Etiology: Foreign body aspiration into the tracheobronchial airway is a frequent cause of acute respiratory distress in pediatric patients, especially those between 6 months and 3 years of age.^1–3,32,33 Each year, aspirated foreign bodies are responsible for approximately 160 deaths in children aged 14 years or younger in the United States alone, along with substantial additional morbidity.^32,33 Although some pediatric patients may present with a clinical history of possible aspiration followed by cough, wheezing, respiratory distress, or decreased breath sounds, most affected pediatric patients present with a history that is either lacking or misleading.^1–3,32,33 Therefore a high clinical suspicion and thorough investigation are required for any infants and young children with respiratory symptoms suspicious for possible foreign body aspiration.

Only approximately 10% of aspirated foreign bodies within the tracheobronchial airway are radiopaque.³⁴ The remaining 90% of nonradiopaque foreign bodies are particularly difficult to diagnose early in pediatric patients.

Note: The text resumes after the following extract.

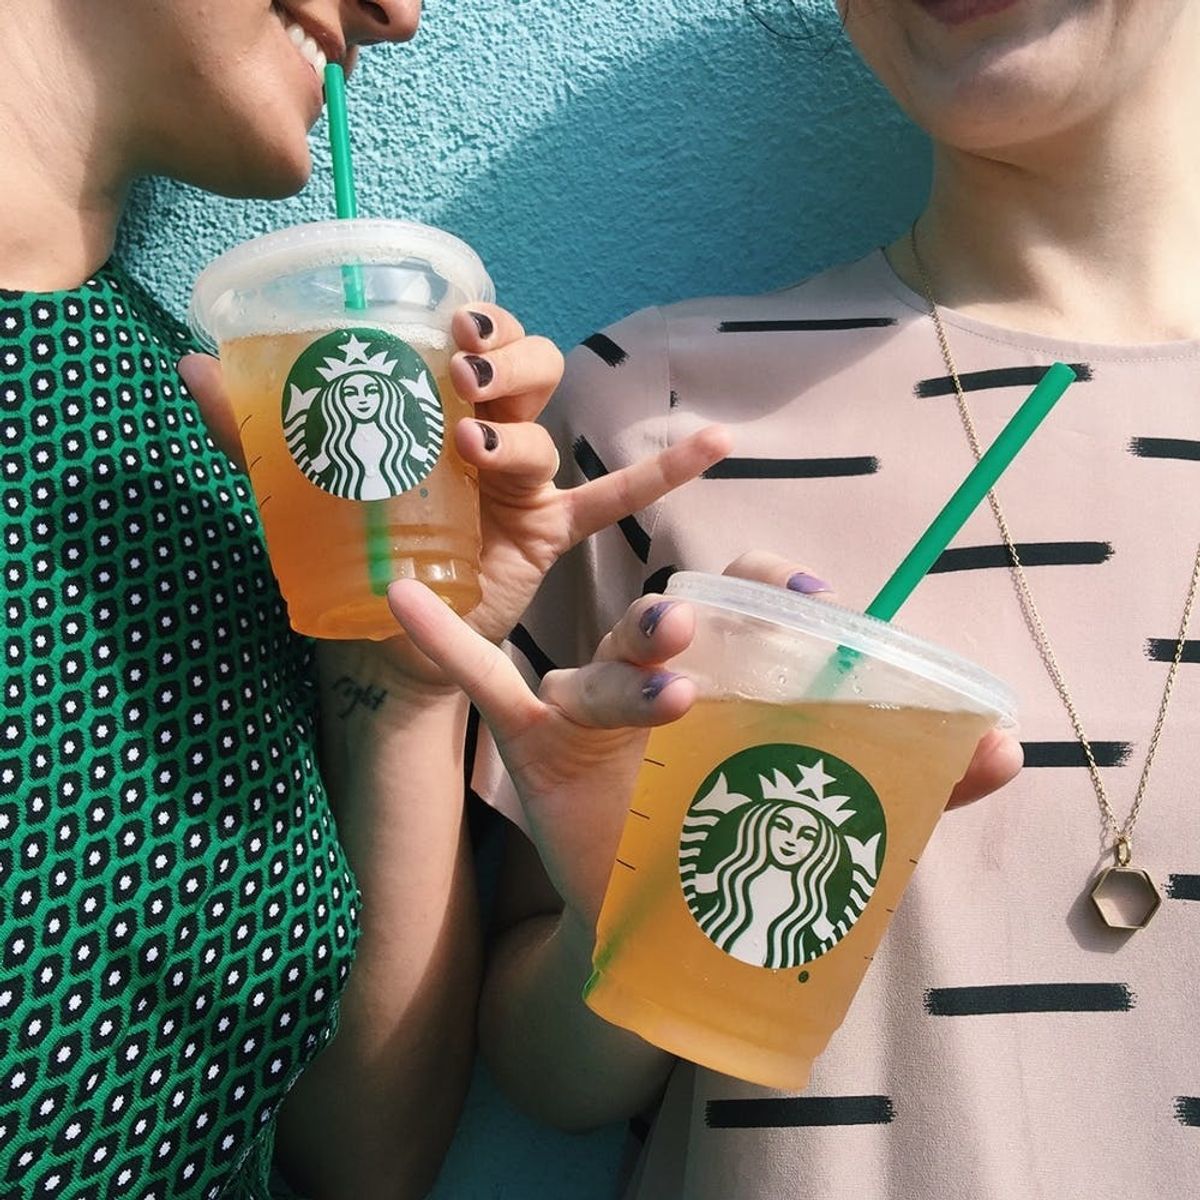 Find Out How to Get a Free Starbucks Drink Today

Nearly 70% of aspirated foreign bodies lodge in the bronchi, with the right side (52%) affected more frequently than the left side (18%).³² The remaining 30% of aspirated foreign bodies lodge in the trachea (13%) and less common locations (17%).³² In the early phase of foreign body aspiration, affected patients typically present with cough, wheezing, respiratory distress, or decreased breath sounds. During the late phase of missed foreign body aspiration, affected patients often present with episodic wheezing and/or recurrent pneumonias.

Imaging: Radiographic findings of foreign body aspiration depend on the size, location, duration, and nature of the aspirated foreign body (Fig. 52-7). Radiopaque foreign bodies usually are detected easily with radiographic studies, which should include frontal and lateral films encompassing the upper airway from the nasopharynx to the upper abdomen. When the foreign body is not radiopaque, careful inspection of the tracheobronchial airway with high-kilovoltage films or fluoroscopy may show a faintly visible opacity interrupting the air column within the large airways. If the foreign object is located in the trachea, the chest radiograph may be normal or may show bilateral hypoinflation or hyperinflation depending on the degree of obstruction. Many intratracheal foreign bodies escape detection without the use of CT.